• More than 600,000 people go missing every year; most get no press coverage at all
  • Coverage of people who go missing varies widely depending on age, race, and gender, and is almost disproportionate to the number of people missing 
  • Proprietary data and analytics tool calculates how much coverage an American is worth if they go missing, based on current reporting in America
  • Campaign calls on publications to pledge to improve their reporting practices for future underrepresented missing person cases

Columbia Journalism Review (CJR), the world’s most respected voice on press criticism, has today unveiled “#EveryoneIsPressworthy”, a campaign aimed at addressing bias in media when it comes to covering people who go missing. Working alongside creative agency TBWA\Chiat\Day New York, CJR has developed a unique data tool* allowing people to calculate their press value if they were to go missing, based on current reporting in America.

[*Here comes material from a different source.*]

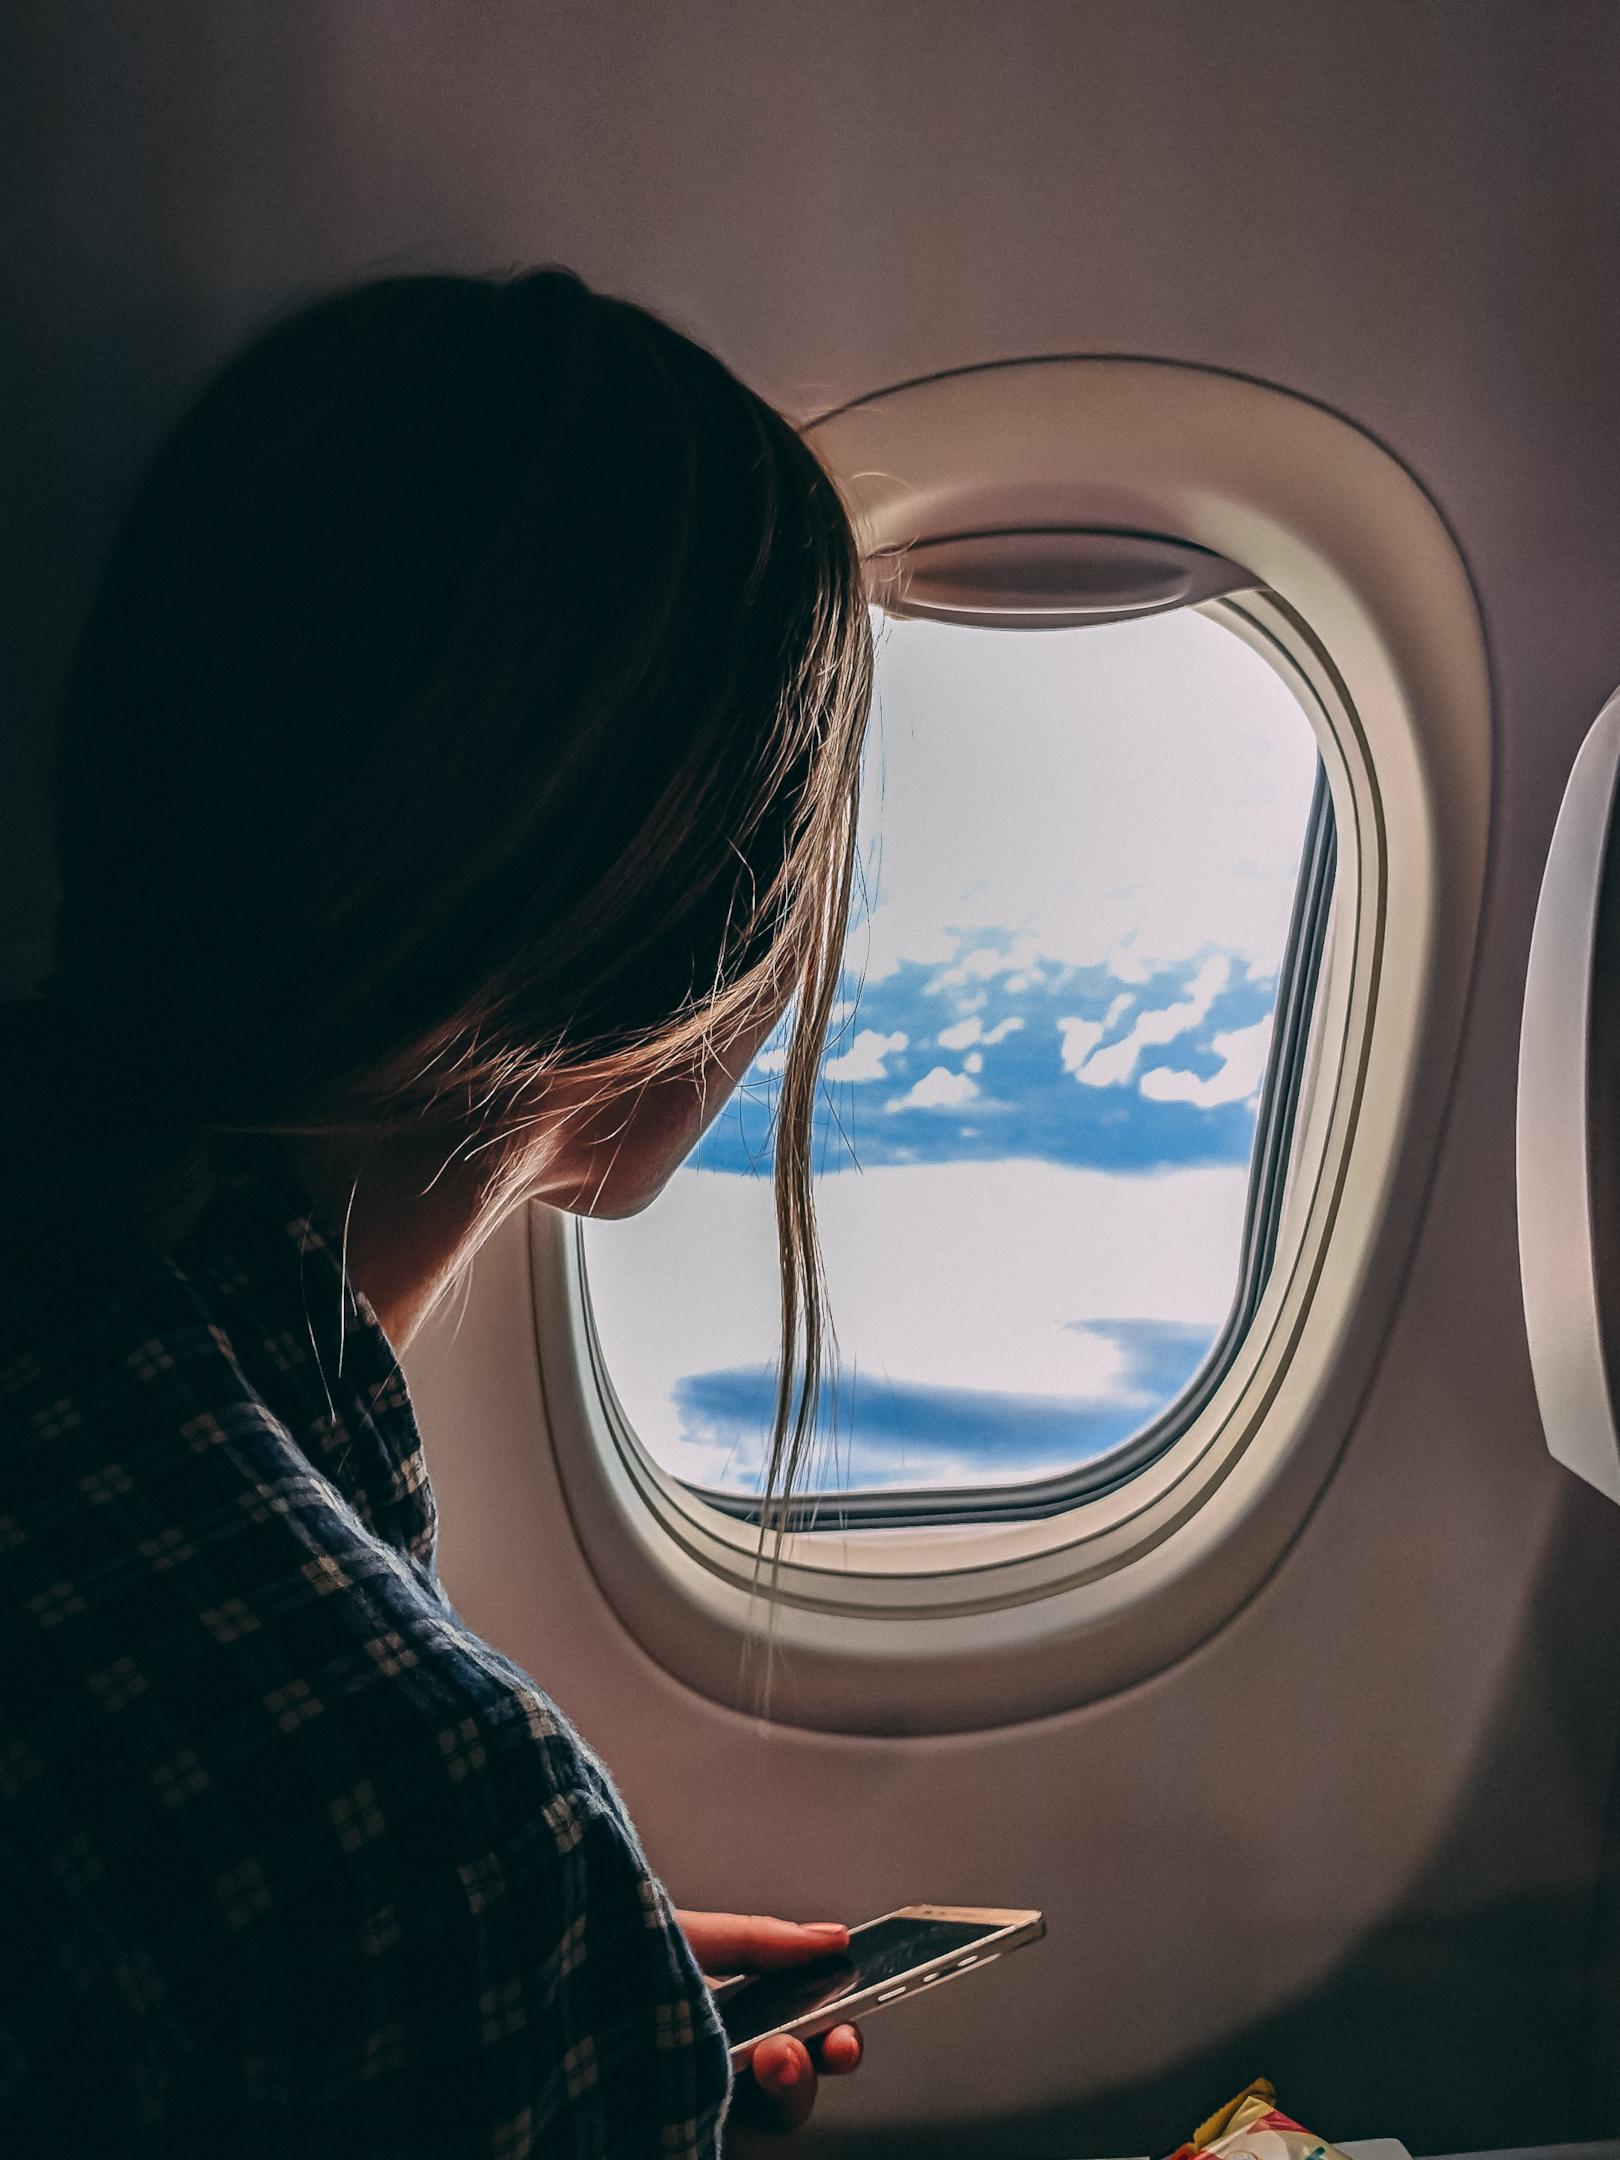 Flights and transportation

In an effort to open up a dialogue between media publications and CJR on how journalists cover reports of missing people, www.areyoupressworthy.com allows users to publicly share their press value for the world to see. In most cases, the results show vast disparities on how a person would be covered if they went missing, depending on their race, gender, and where they live.

CJR’s hope is that awareness generated by the campaign will force changes in newsroom practices, and could improve the coverage of other areas, like policing and criminal justice, where coverage inequities remain. “The coverage of missing people is a high-profile example of an even bigger problem,” said Kyle Pope, Editor and Publisher of CJR. “We’re hoping to force a recognition, where systemic coverage gaps exist.”

The number of people aware of a person’s disappearance has a major impact on their chances of being found. Furthermore, the amount of coverage a missing person receives is often influenced by demographics such as race, age, sex, and even geographic location. Commonly known as “Missing White Woman Syndrome,” a person’s physical attributes can determine if they are front-page news or not featured at all.

For example, a white young adult woman who is reported missing in New York could be covered in 67 news stories, according to the CJR data, but a Latino male of the same age would appear in only 17. The gap is even more extreme for diverse members of other age groups, and a middle-aged Black man who goes missing would be expected to receive four or fewer mentions in the press.

For information on currently missing individuals please visit https://namus.nij.ojp.gov/ or reach out to (833) 872-5176 or namus@usdoj.gov for additional resources. To learn more on how the biases in the media are affecting unfair press coverage visit www.cjr.org.

About Columbia Journalism Review 

Columbia Journalism Review is published in print and online by the Columbia Journalism School. CJR is considered the most respected voice in press analysis, shaping the ideas that make media leaders and journalists smarter about their work, and more informed about their industry.

Columbia Journalism Review Data Methodology*

TBWA\Chiat\Day New York and CJR built a model based on a representative sample of 3,630 news stories about missing persons out of 19,561 collected by Meltwater between January to November, 2021. Of this sample, 2,383 stories concerned one or more specific missing individuals, covering 735 unique missing persons who were identified and categorized by age, gender, race / ethnicity, and geography. Missing persons were then cross-referenced with the NamUs database for the same period. Meltwater identified the publisher of the story, the potential reach of that news outlet, and social sharing for each story.